Rasul yang Mulia pun pernah menegur sahabatnya yang terlalu khusuk menghabiskan waktunya untuk ibadah kepada Allah, hingga melupakan kewajiban memberi nafkah batin kepada istrinya. Saat ibadah saum, Rasul pun tetap menjaga kemesraan dengan istrinya. Seperti tertera dalam sebuah hadits yang diriwayatkan dari Aisyah r.a.: Nabi Saw. memeluk dan mencium (istrinya) ketika sedang berpuasa dan Nabi Saw. lebih mampu menahan diri dari siapa pun di antara kalian.

Mengenai hal ini Ustadzah Ebah Suaibah dan Ustadz Ahmad Humaedi (pengisi acara Rumahku Surgaku MQFM) sepakat bahwa batas-batas pergaulan suami istri saat saum hanya dilarang untuk mempergauli istri di siang hari, selain itu dibolehkan dalam batas-batas syar’i karena jelas sanksinya bagi mereka yang melanggar yaitu diperintahkan untuk memerdekakan budak, atau memberi makan 60 orang miskin, atau puasa berturut-turut selama 2 bulan.

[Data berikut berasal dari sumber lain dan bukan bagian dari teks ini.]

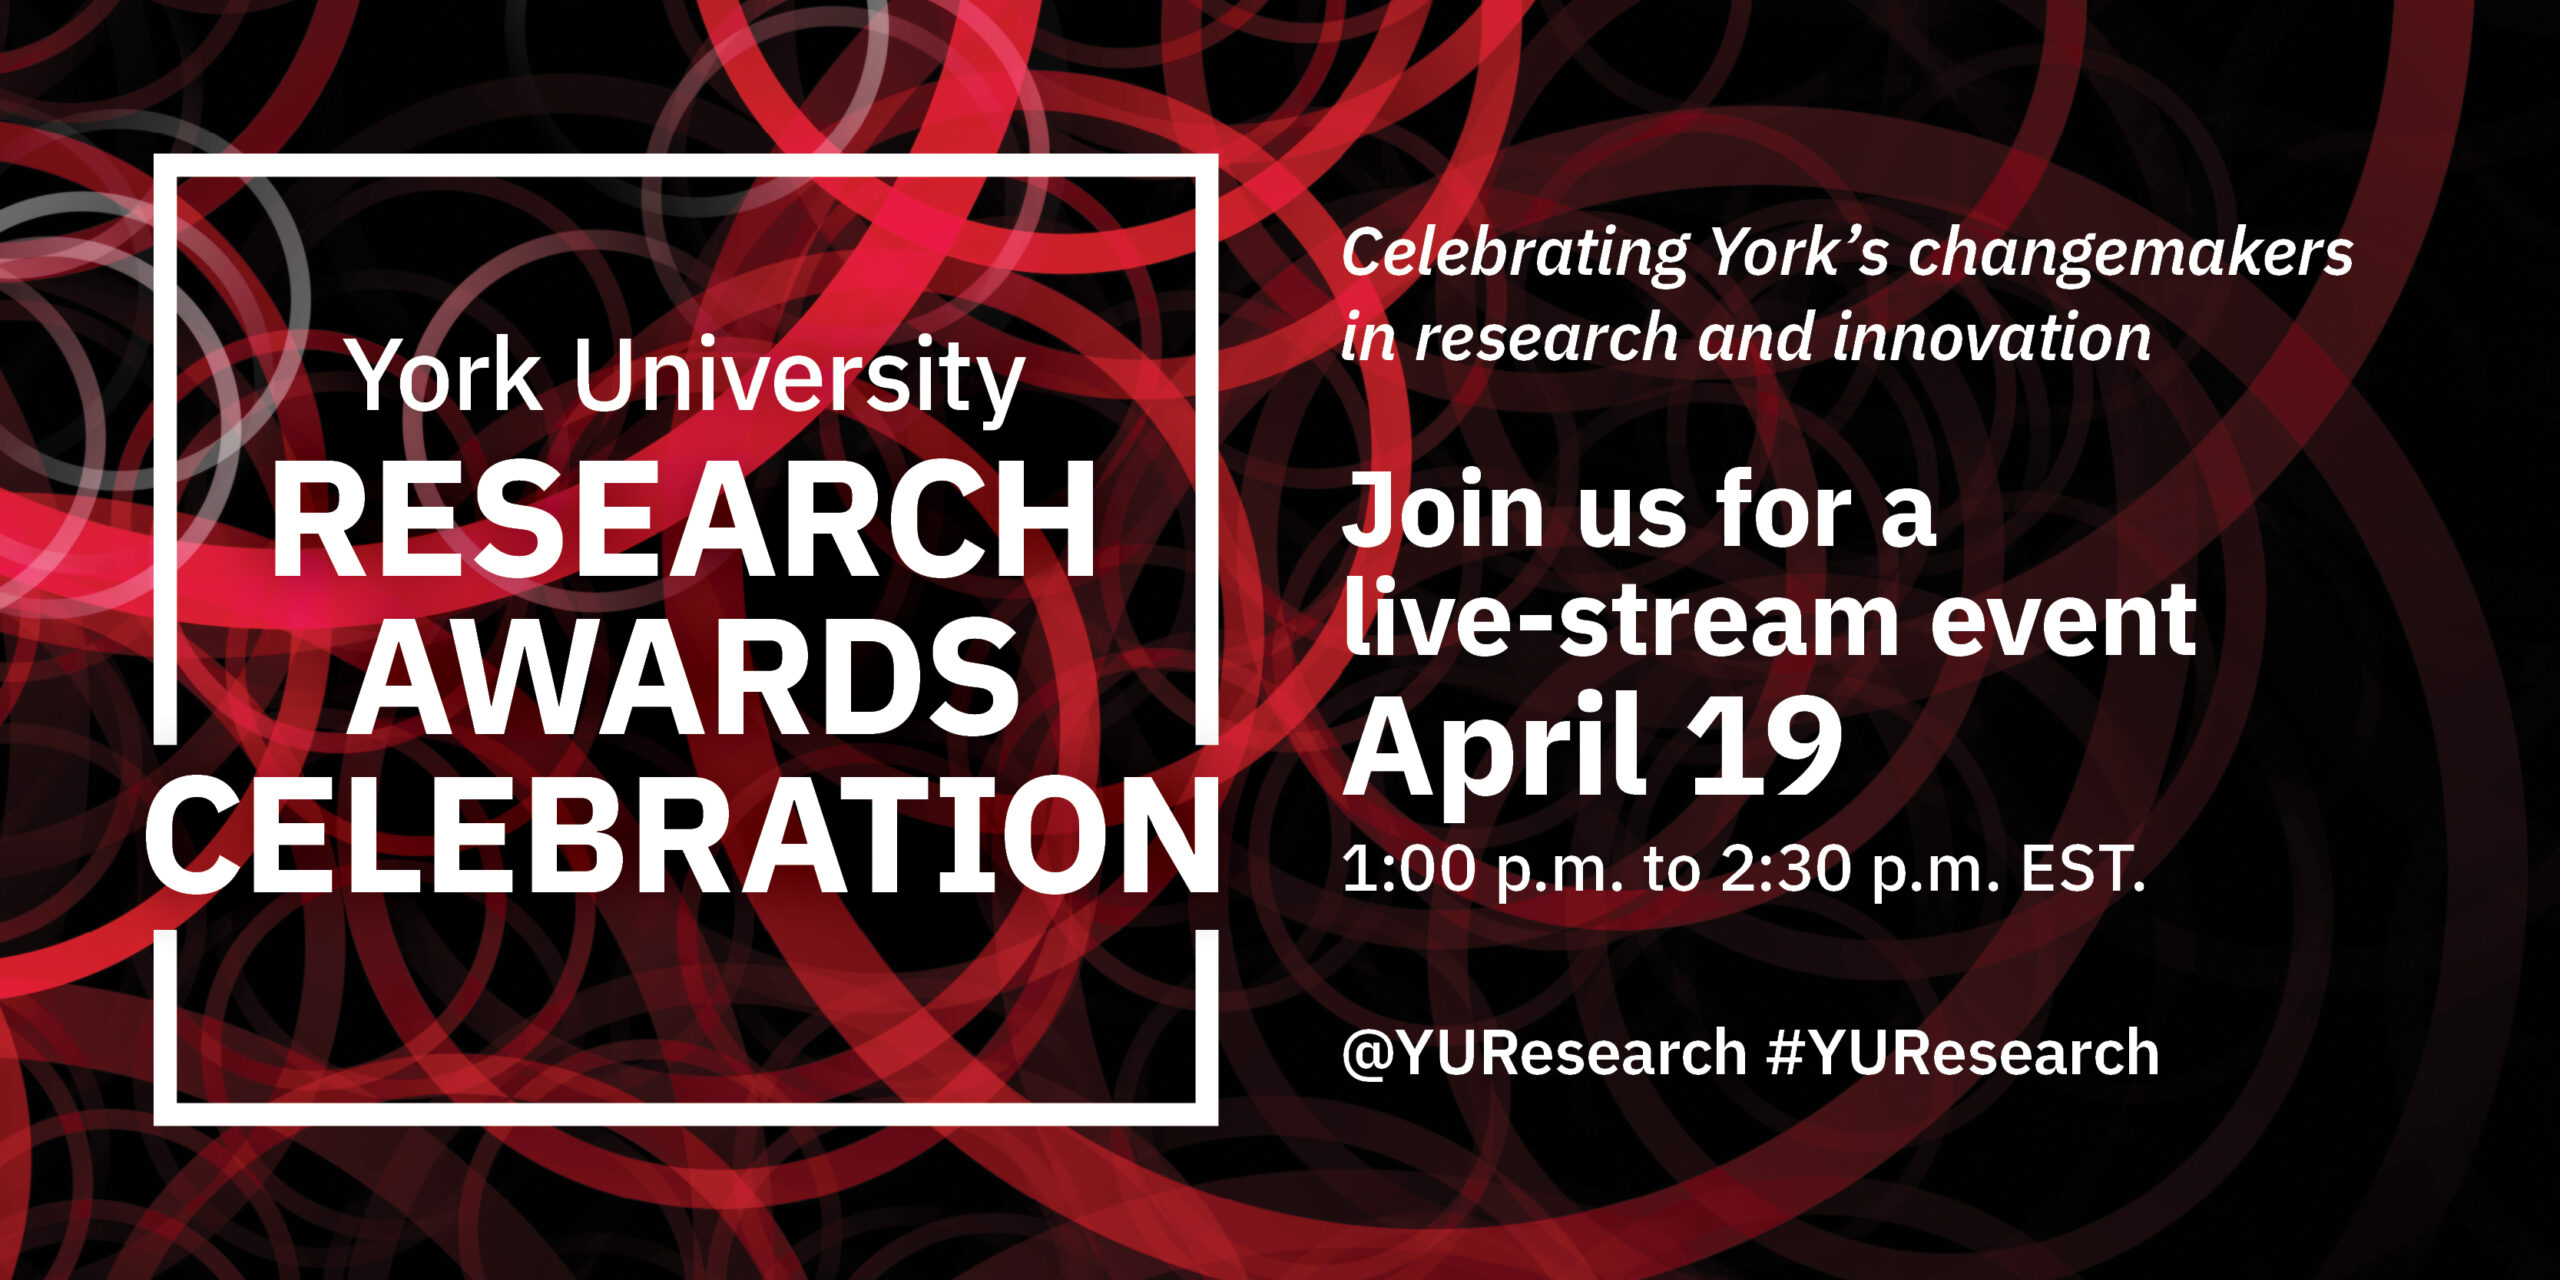 Research Awards Celebration ad

Namun demikian, Allah Maha Tahu kecenderungan hati manusia, maka Allah tetap memberi keringanan seperti tertuang dalam surat Al-Baqarah ayat 187, ”Dibolehkan kepadamu di malam puasa campur dengan istrimu, mereka pakaianmu dan kamu pakaian mereka.......Dan janganlah kamu campur dengan istrimu, sedang kamu i’tikaf dalam masjid. Itulah batas-batas hukum Allah, sebab itu janganlah kamu dekati...”

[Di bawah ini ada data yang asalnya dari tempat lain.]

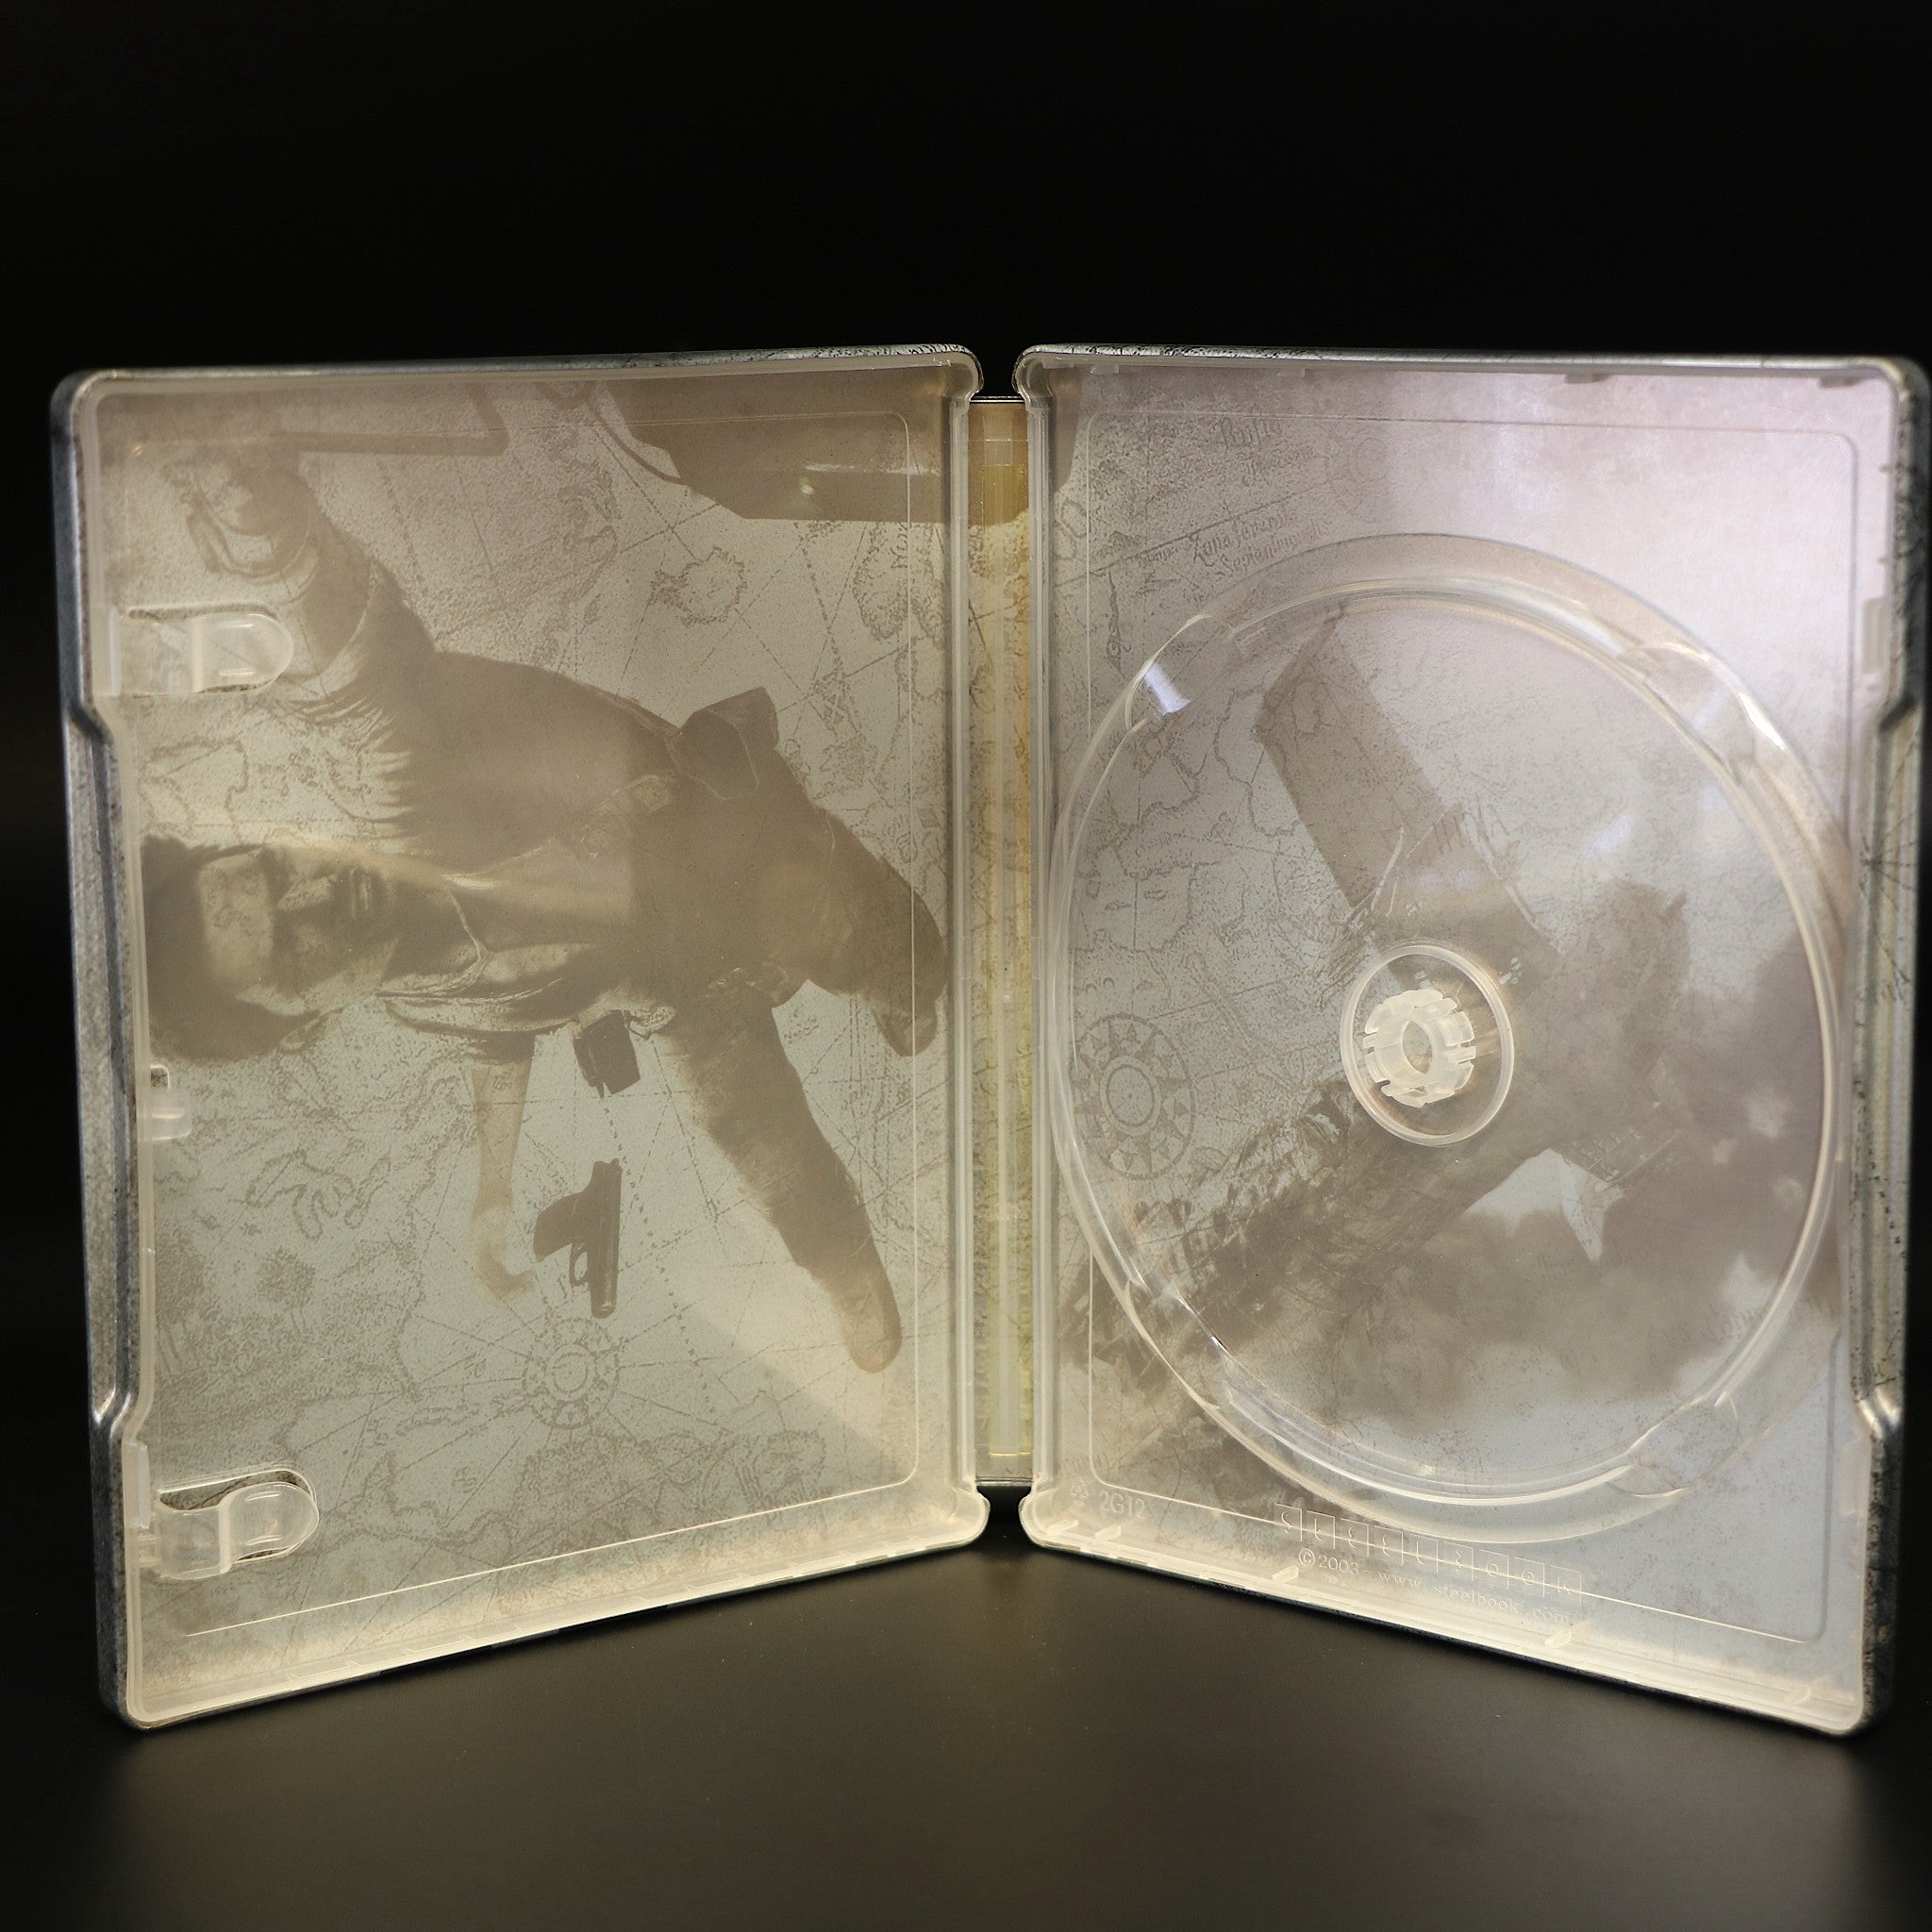 Uncharted Nathan Drake Collection | Special Edition SteelBook Tin Case PS4 | VGC

Merujuk pada ayat di atas, Ustadzah Ebah menegaskan, ”Jadi, tidak ada alasan bagi suami istri mengesampingkan kemesraan hanya karena datangnya bulan Ramadhan. Karena ’mesra’ bagi suami istri itu juga ibadah.” Selanjutnya Ustadz Ahmad Humaedi atau lebih dikenal dengan sebutan Ustadz Ahum menambahkan bahwa bersikap lembut pada istri dan berkata baik pada suami, merupakan kekuatan untuk melanggengkan pernikahan.
***

Menikah itu sendiri merupakan bentuk ibadah kepada Allah, tentu tidak bisa dipisahkan dengan bagaimana melayani suami atau menyayangi istri. Karena ketika seseorang itu sedang menjalankan tugasnya sebagai suami atau istri, pada saat itu juga sebenarnya ia sedang beribadah kepada Allah. Namun, yang dimaksudkan di sini adalah ibadahnya seseorang kepada Allah mutlak. Bagaimana caranya agar ada keseimbangan antara ibadah vertikal kepada Allah dengan ibadah secara horisontal kepada suami/istri? Dan bagaimana pula memaksimalkan ibadah vertikal dan horisontal tersebut? Khususnya di bulan Ramadhan.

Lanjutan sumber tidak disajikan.